Alors elle se lance pour son hôtel d’Aix dans des projets de décoration magnifiques, qui en inspireront plus d’un, fait appel à l’architecte réputé Lainé pour les mener à bien, à un grand nombre d’ouvriers. Elle a le goût délicat, avoue à Caumont que le seul tableau dont elle ait eu envie à son arrivée à Aix, c’est un Breughel. Ce n’est pas pour rien qu’elle a vécu au milieu des richesses artistiques accumulées par son père au château de Grignan. Et les tapisseries récupérées de la débâcle paternelle, elle tient à les mettre en valeur : « Y renoncer, non, mon marquis, écrit-elle à Caumont, c’est mon plus beau : je n’ai fait ma maison que pour mes tapisseries. »

Tant que son logis ne la satisfait pas, les questions et les récriminations pleuvent sur le malheureux Caumont. Il doit donner son avis sur le cuir doré de sa salle à manger ou les tringles des rideaux, les serrures et les targettes, endurer les changements d’humeur de Pauline qui s’emporte contre le peintre Vernet, venu travailler chez elle « contre sa volonté », mais à qui elle achète finalement douze dessus de portes.
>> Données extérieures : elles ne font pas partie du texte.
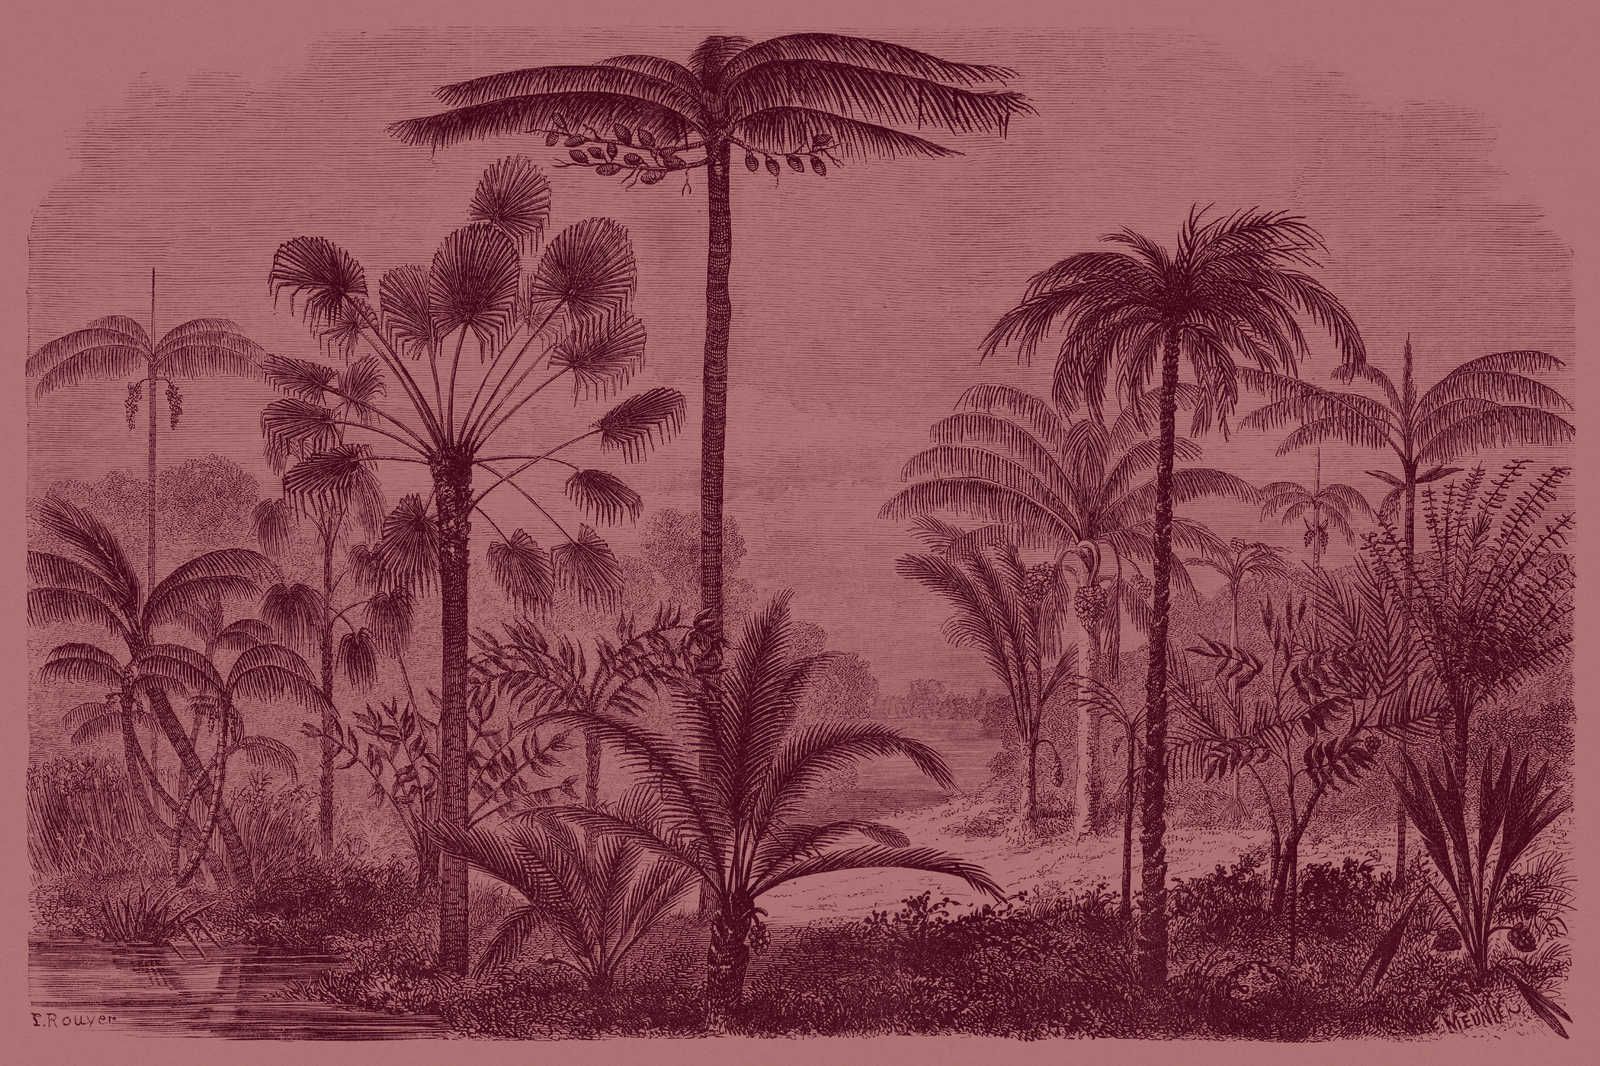             Jurassic 2 - Toile motif jungle gravure sur cuivre - 1,20 m x 0,80 m
        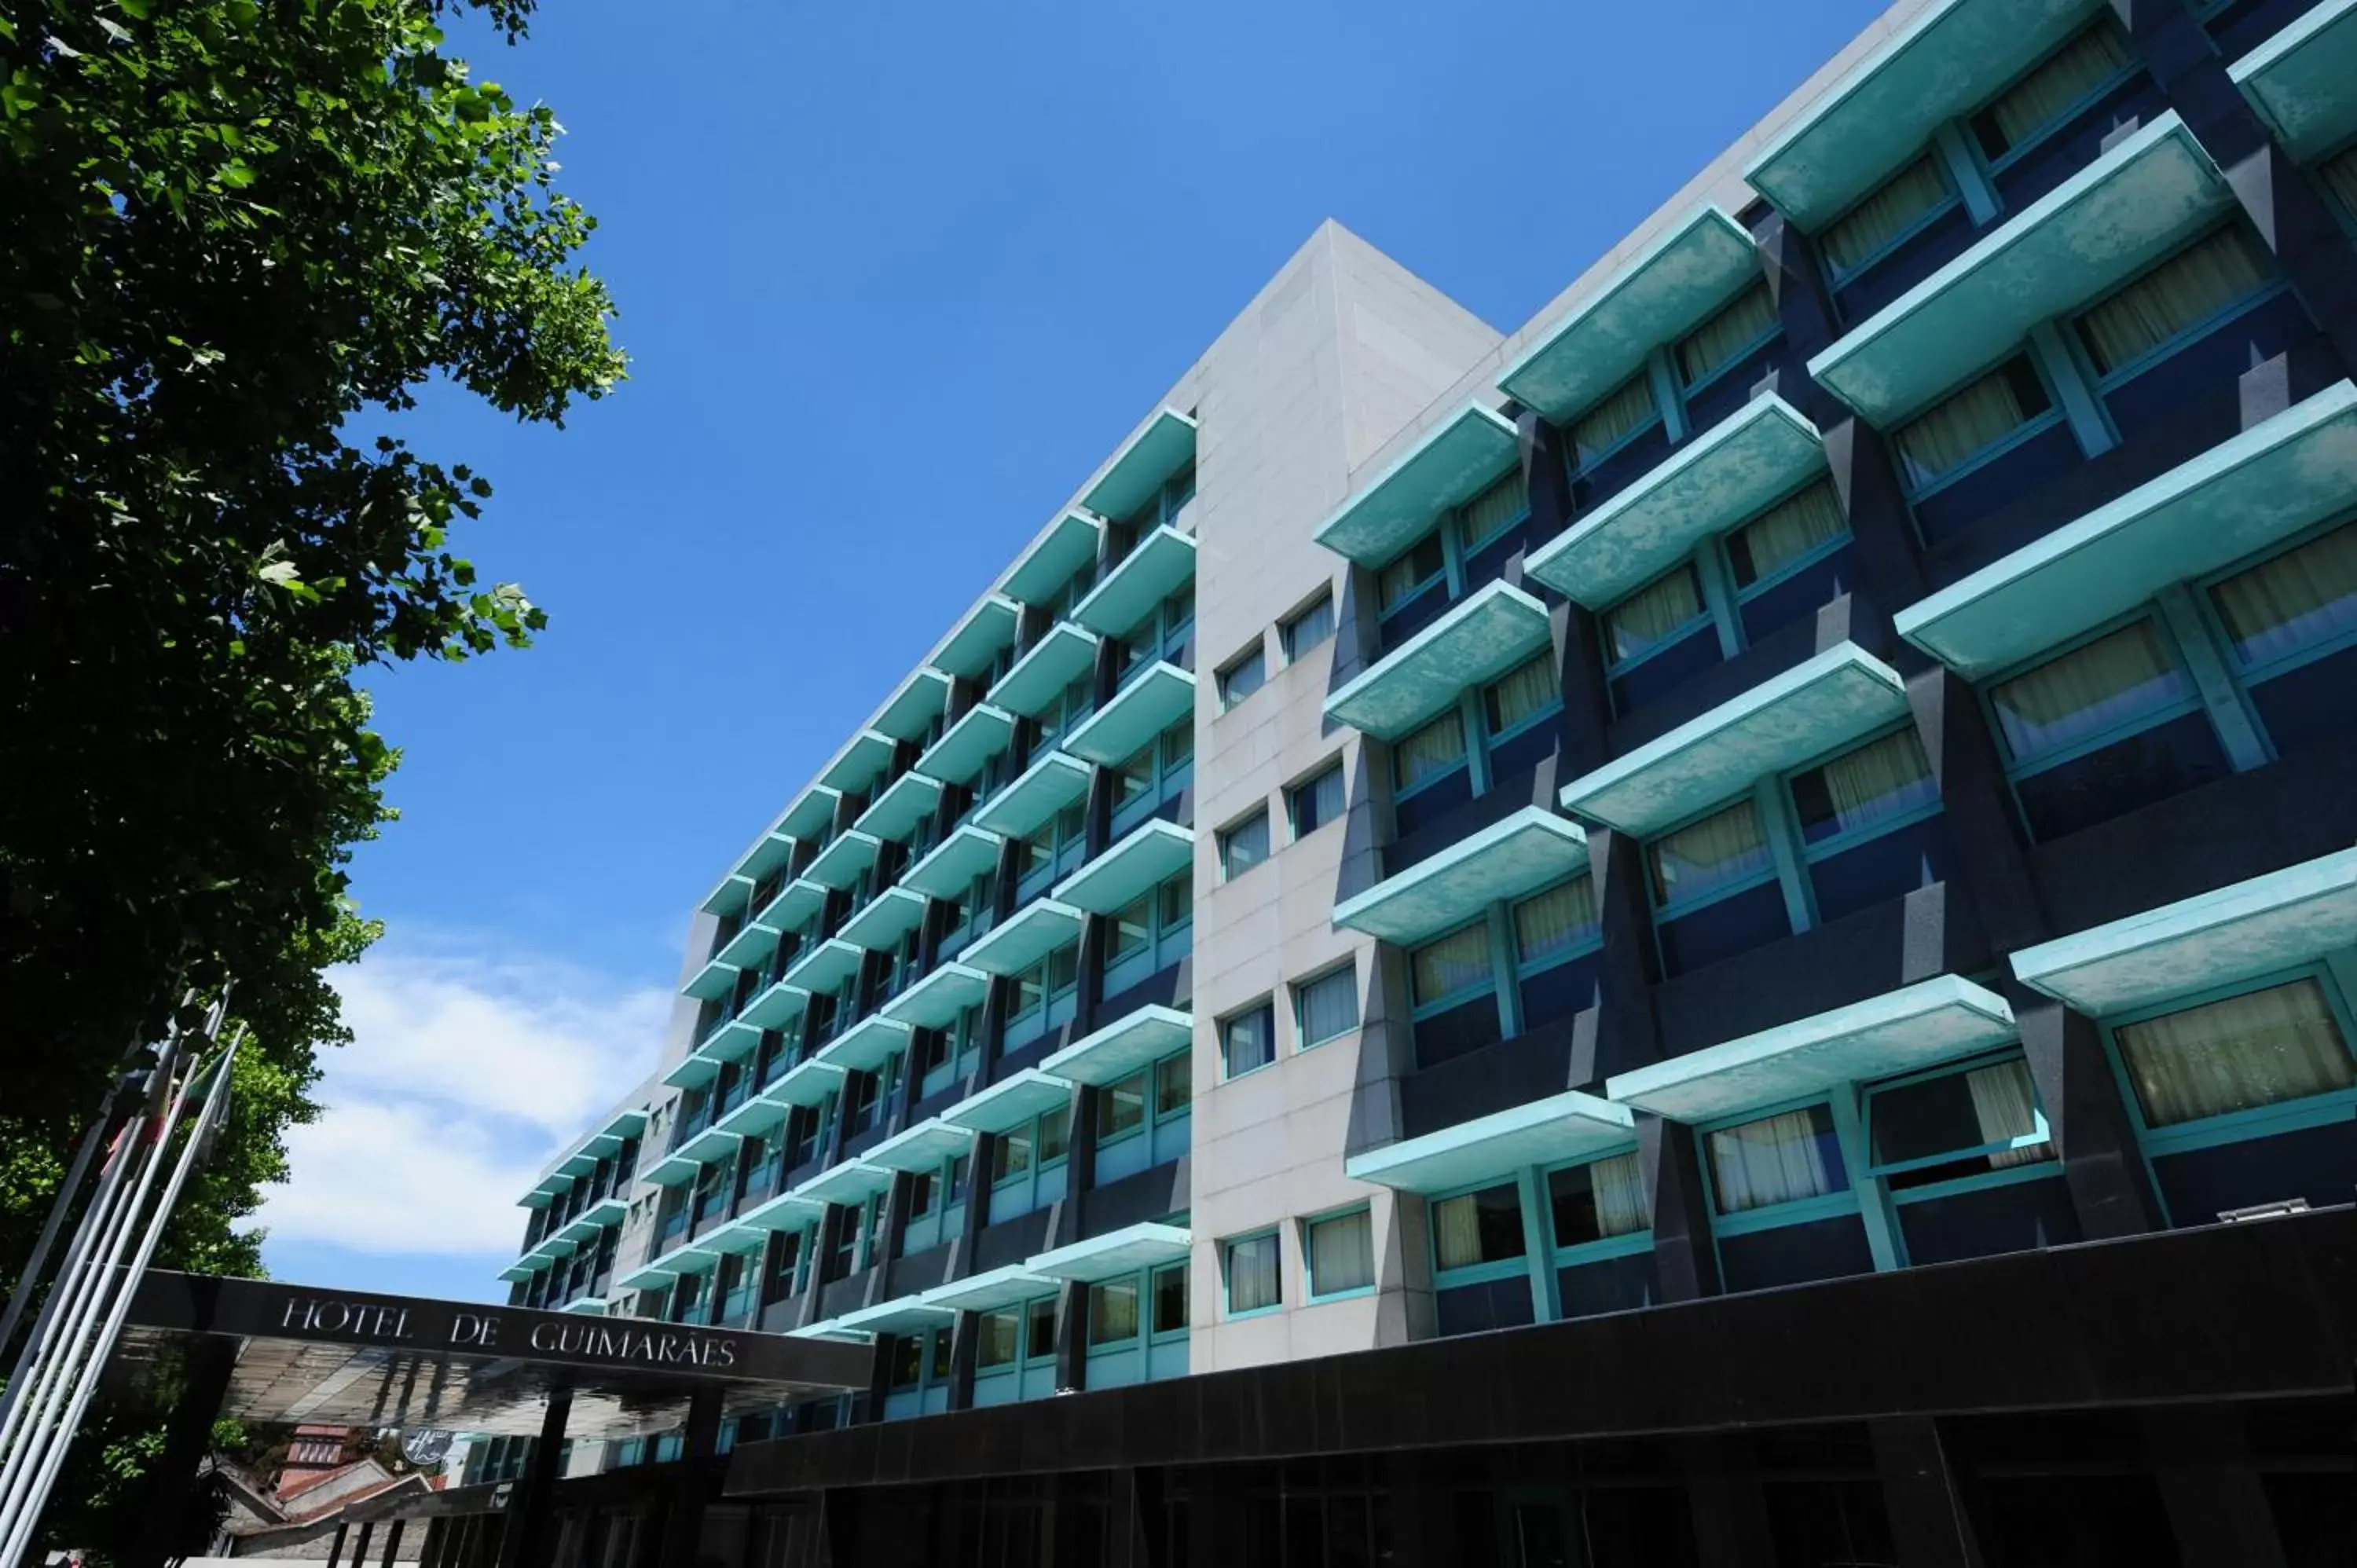 Property Building in Hotel de Guimaraes

Et comme les ressources de Mme de Simiane ne sont pas à la hauteur de ses envies de luxe, Caumont doit gronder Lainé et les ouvriers qui traînassent et font de son logis une « Pénélope », dit-elle ; il doit houspiller un Brunel parce qu’il a emporté à faire chez lui le panneau tout préparé par Lainé d’un trophée –c’est-à-dire d’un assemblage décoratif d’armes- et parce qu’il tarde à rapporter le panneau. Enfin Caumont doit subir les gémissements de Pauline sur ses dépenses immenses, « cinquante mille francs pour une maison dont la valeur intrinsèque est de vingt ».

Avec d’Héricourt, c’est la même attitude autoritaire et impatiente, pour des pieds de table et les retards d’un marbrier, pour son salon de Belombre et la couleur de ses murs, blanc peut-être mais sans moulures ni encadrures, « cela me coûte trop ».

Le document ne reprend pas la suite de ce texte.